Why banks can’t meet modern regulations without data lineage

What BCBS 239 and SR 26-2 now demand at the column level

A team of two at HSBC set out to map the bank’s entire wholesale credit and lending book. Within six months, they had documented it from end to end, tracing every figure from the system that first captured it to the report that finally used it. The work covered 2,000 source tables, more than 80,000 fields, and 20,000 data linkages across 45 systems worldwide. A competing approach would have taken twenty-five staff, eighteen months, and more than $5 million, yet HSBC reached the same result with two people in six months for under $500,000.1

Modern bank regulation now depends on exactly this kind of detailed evidence, and two pressures are bearing down on every regulated bank at once. These are:

  1. Supervisors have pushed the standard for regulatory proof down to the level of the individual data column.
  2. Bank data estates have swelled past a billion fields across Solidatus customers alone.

Proving where a single reported number came from, across a data ecosystem that large, is no longer something a team can document by hand or pull from a catalog. The banks that meet modern regulatory requirements at scale now do so through data lineage, and for institutions still relying on spreadsheets and dataset-level catalogs, the arithmetic has turned against them.

The standard moved to the column level

Over the past decade and a half, the evidence regulators expect from banks has moved steadily toward finer detail. In 2013, the Basel Committee on Banking Supervision published its principles for effective risk data aggregation and risk reporting, known as BCBS 239, and for years, many banks treated them as a reporting obligation they could satisfy with summaries and attestations. The European Central Bank then ran a thematic review and found that none of the significant institutions in its sample, including global systemically important banks, had fully implemented the principles.2

In May 2024, the ECB answered with a guide that left far less room for interpretation, requiring “complete and up-to-date data lineages on data attribute level.”3 Attribute level means column level, traced from the point of capture through every extraction, transformation, and load.

The Digital Operational Resilience Act, in force across the European Union since January 2025, widened the same expectation to the data moving through third-party and information and communication technology (ICT) systems, not only the bank’s own. In the United States, regulators arrived at the same place by a different route.
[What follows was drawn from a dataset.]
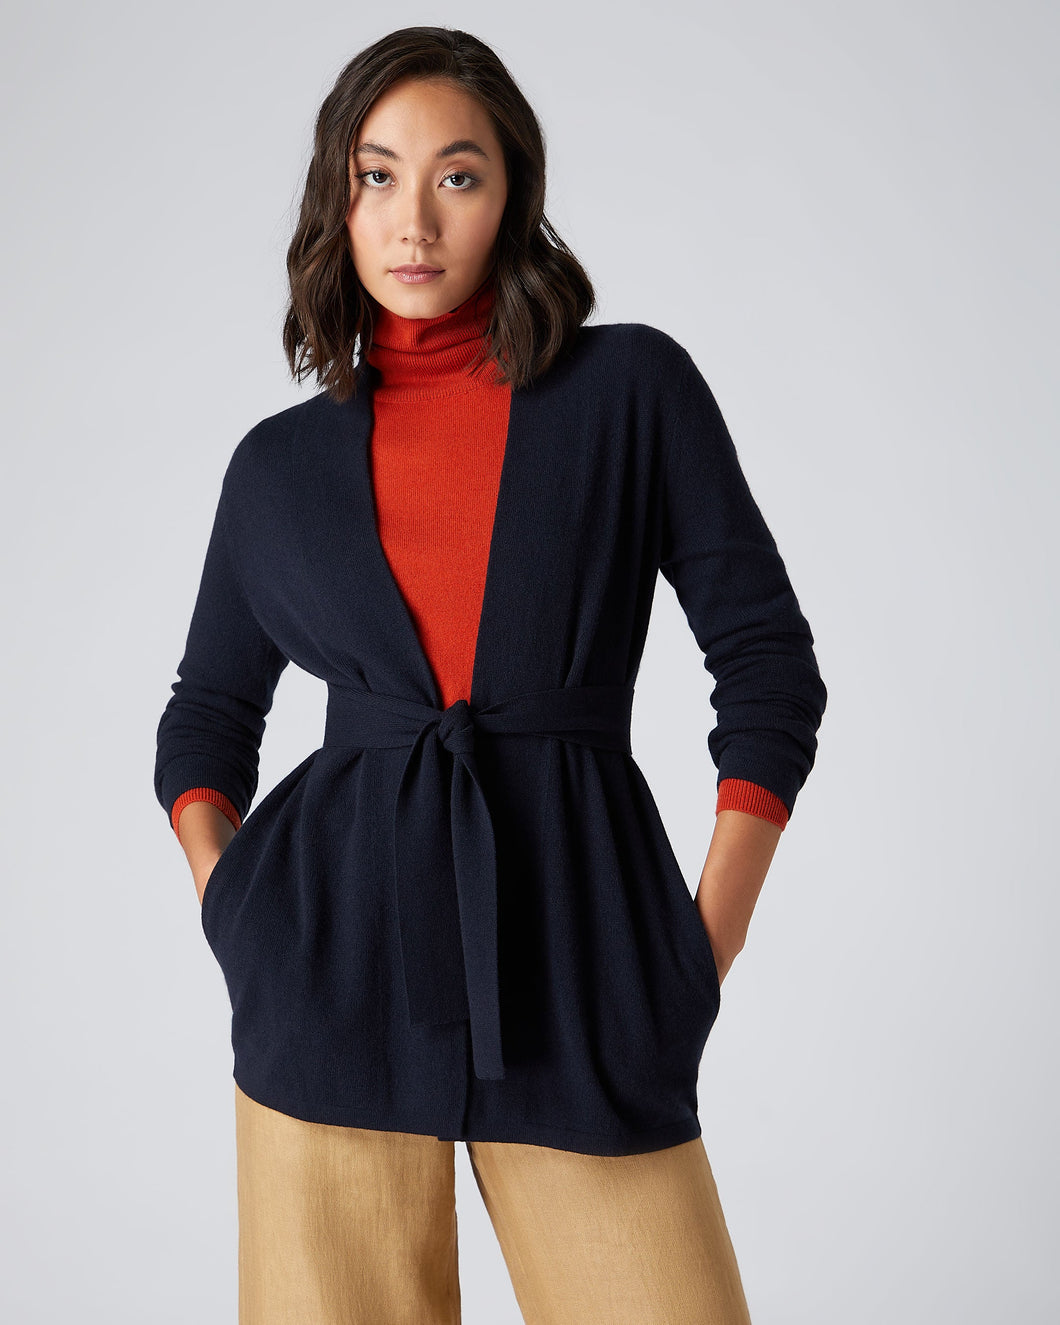 N.Peal Women's Relaxed Belted Cashmere Cardigan Navy Blue

The Federal Reserve, the Office of the Comptroller of the Currency, and the Federal Deposit Insurance Corporation jointly issued SR 26-2 in 2026, the first overhaul of model risk management guidance in fifteen years.4 It never uses the phrase “data lineage,” yet it requires banks to document where model data came from, how it was selected, and whether its quality has held over time, which is lineage by another name.

Different supervisors, writing in different styles, have converged on the same minimum standard, and a summary at the dataset level no longer meets it. Meeting it takes the ability to show the column-level path that data traveled, as that path stood on the date the report was filed.

Industry analysts agree. Gartner defines data lineage as something that “must be deep to allow for drilling down or analyzing to the finest level of detail, such as column-level or transformation logic.”5 Gartner’s banking guidance notes that supervisors are not creating special rules for new technology but “applying foundational data-risk frameworks,” singling out BCBS 239, “which mandates robust data lineage,” with the ability to trace data “from its source to consumption.”6 Regulator and analyst now describe the same standard in the same words.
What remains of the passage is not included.